Abstract Archives of the RSNA, 2014
Jason S Lewis PhD, Presenter: Nothing to Disclose
1) The audience will learn that despite their considerable advantages, many circulating biomarkers have well documented limitations. 2) The audience will learn about imaging tool that can be used to deconvolute the meaning of inconclusive circulating biomarker levels.

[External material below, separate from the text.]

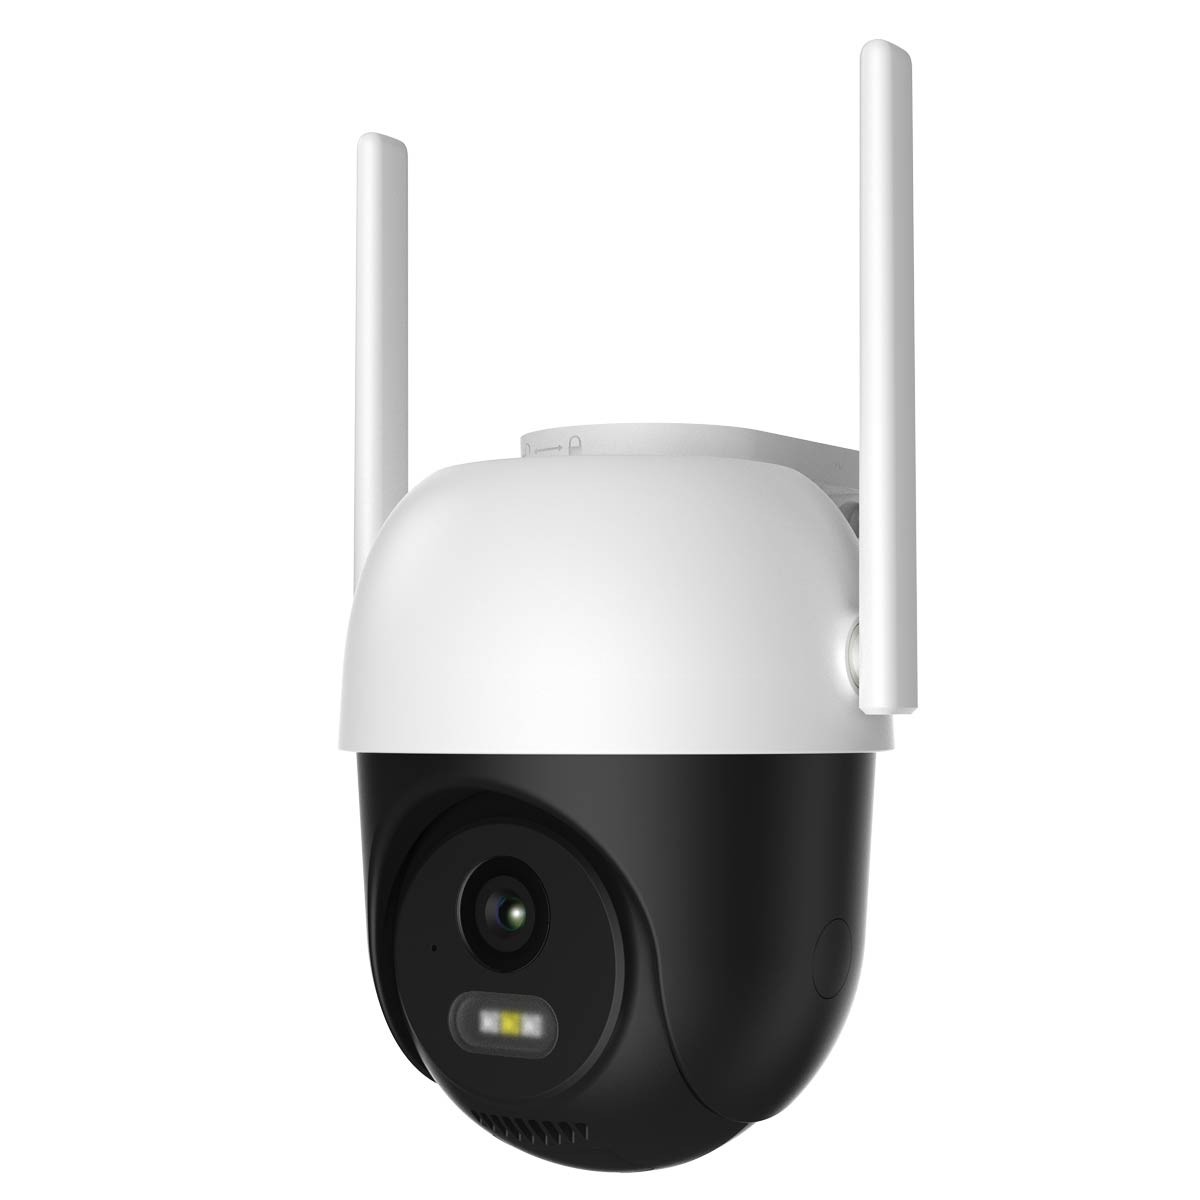 Arenti OP1 4 MP Dualband WLAN Dome Überwachungskamera

For good reason, discovering biomarkers that can be assayed from biological fluids has long been regarded as a “holy grail” for medical diagnostics. Indeed, several decades of systematic research have identified many secreted molecules differentially regulated in the context of malignant cancers that are now routinely measured in man to screen for disease onset, develop prognoses, and monitor tumor response or recurrence. Their rapid commercialization, favorable economics, and simple experimental outputs (lending itself to standardization for multi-center trials) have engendered the widespread use of many analytical platforms to measure serum biomarker levels (e.g. ELISAs). The resulting vast body of epidemiological data has consistently reinforced the notion that, while exciting progress has been made, we have yet to find a single, “smoking-gun” serum biomarker that can be effectively applied to address all of the above-mentioned clinical issues for a given cancer. However, despite their considerable advantages, many circulating biomarkers have well documented limitations. One prominent shortcoming in oncology is a high frequency of false positive indications for malignant disease in upfront diagnosis. Because one common cause of false positivism is biomarker production from benign disorders in unrelated host tissues, we hypothesized that probing the site(s) of biomarker secretion with an imaging tool could be a broadly useful strategy to deconvolute the meaning of foreboding but inconclusive circulating biomarker levels. In preparation to address this hypothesis clinically, we have developed a series of imaging agents that specially target serum biomarkers, and as a result overcome the documented limitations of these tests.
Lewis, J,
Imaging Serum Biomarkers. Radiological Society of North America 2014 Scientific Assembly and Annual Meeting, - ,Chicago IL.